Agx-Orin: PCIe RP could read ram memory after increasing aperture size for mapping non-prefetchable BARs of endpointson RP

Platform:
EP: Jetson AGX Orin industrial. R35.6.
RP: Jetson AGX Orin industrial. R35.6.

I am using two Orin modules for RP/EP communication.
and I have made mofifications on ep and rp according the the link.
Increasing size of BAR0 in Endpoint Mode - Jetson & Embedded Systems / Jetson AGX Xavier - NVIDIA Developer Forums

On Root Port side:PCIe C5 for RP.
Increasing aperture size for mapping non-prefetchable BARs of endpoints from its current 128MB size to 1GB size.
I modified pcie c5 node of device tree.
pcie@141a0000{


}

On end point side:
I modifed the file ‘/drivers/pci/endpoint/functions/pci-epf-nv-test.c’. and change the BAR0_SIZE to BAR0_SIZE SZ_64M , BAR0_SIZE SZ_128M or BAR0_SIZE SZ_512M. and also added other patch according to the link that has been mentioned above.

the modified file:
pci-epf-nv-test.txt (7.3 KB)

After these modifications have been made,the RP Could detect the bar size has increased. But on the RP , it could not read the ram memory. My final goal is to increase BAR0 size more than 512M .

Test flows :

  1. on ep:
    cd /sys/kernel/config/pci_ep/;
    mkdir functions/pci_epf_nv_test/func1;
    echo 0x10de > functions/pci_epf_nv_test/func1/vendorid;
    echo 0x0001 > functions/pci_epf_nv_test/func1/deviceid;
    ln -s functions/pci_epf_nv_test/func1 controllers/141a0000.pcie_ep/;
    echo 1 > controllers/141a0000.pcie_ep/start;

dmesg :

  1. on RP:
    lspci -v
    setpci -s 0005:01:00.0 COMMAND=0x02
    busybox devmem + addr

By the way ,there is another test that can work well.

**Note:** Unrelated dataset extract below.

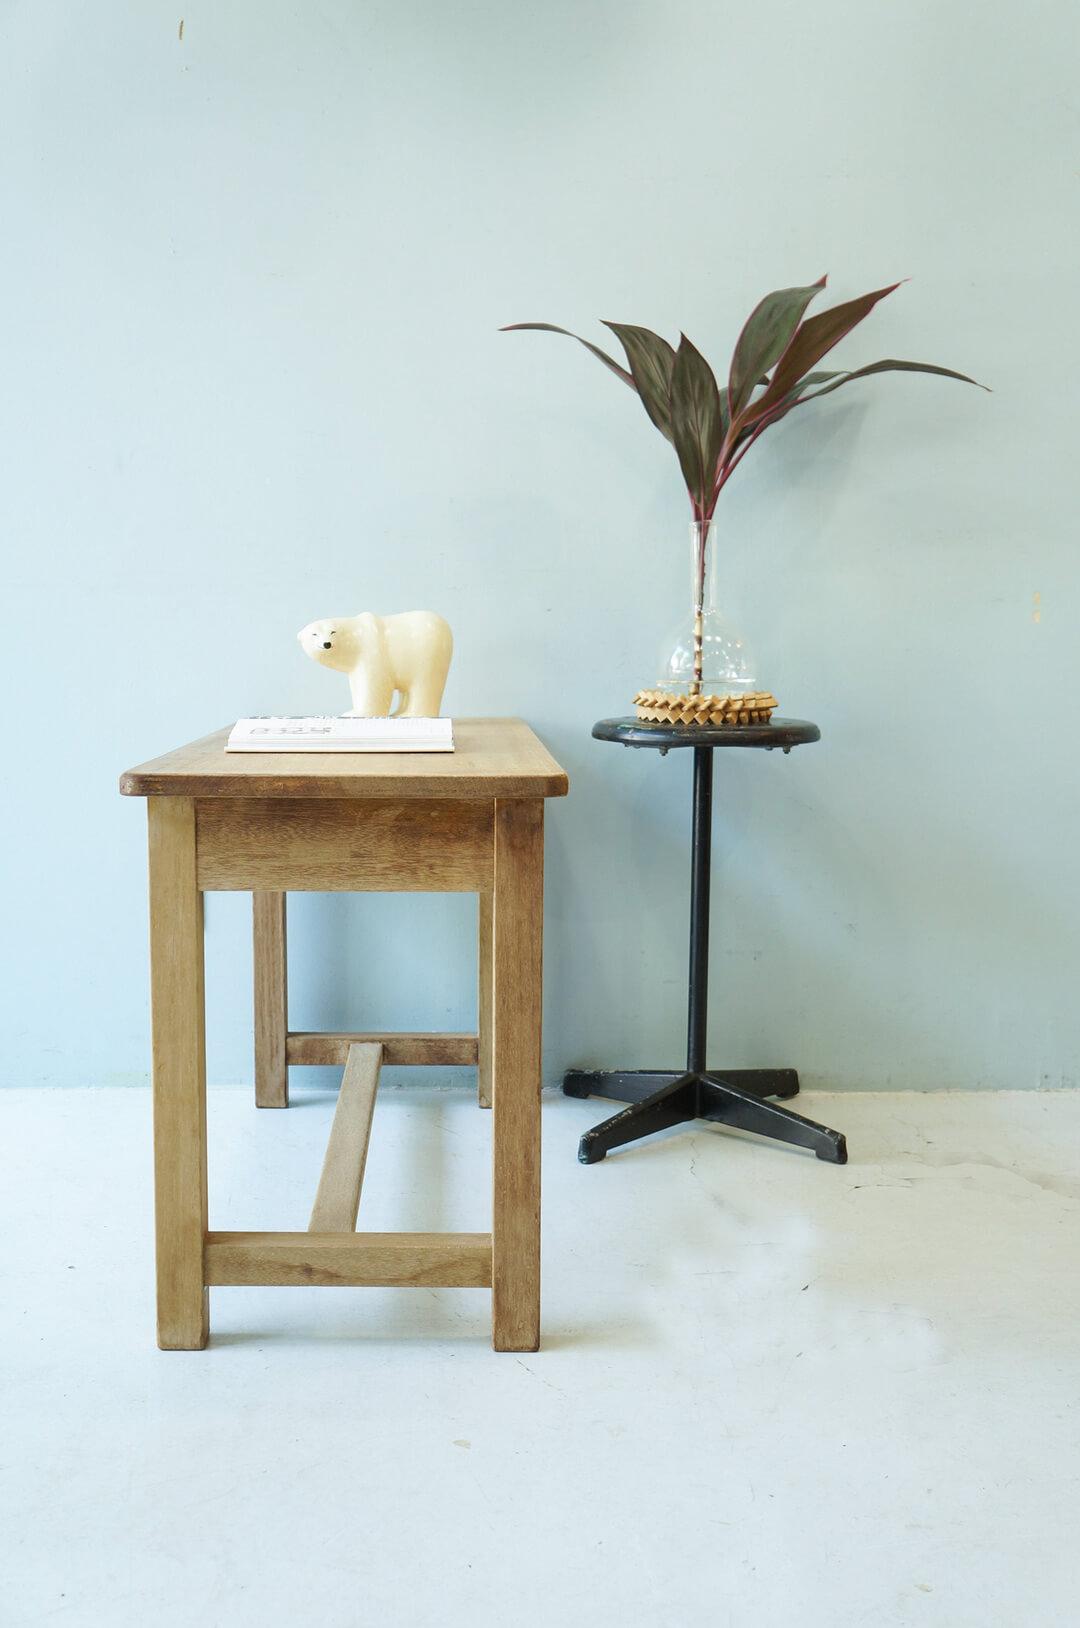 Japanese Vintage Long Work Table/ヴィンテージ 長机 テーブル デスク レトロ シャビー ナチュラル 1

If I don’t change the RP ,that means , if I don’t aperture size for mapping non-prefetchable BARs and keep its current 128MB. On the RP , It can read the ram memory.

In the end, I found no matterwhich bar0 size of endpoint is, including BAR0_SIZE SZ_64M , BAR0_SIZE SZ_128M or BAR0_SIZE SZ_512M. Once I modified the aperture size for mapping non-prefetchable BARs of endpoints from 128M to 1024M on RP, The RP could not read ram memory.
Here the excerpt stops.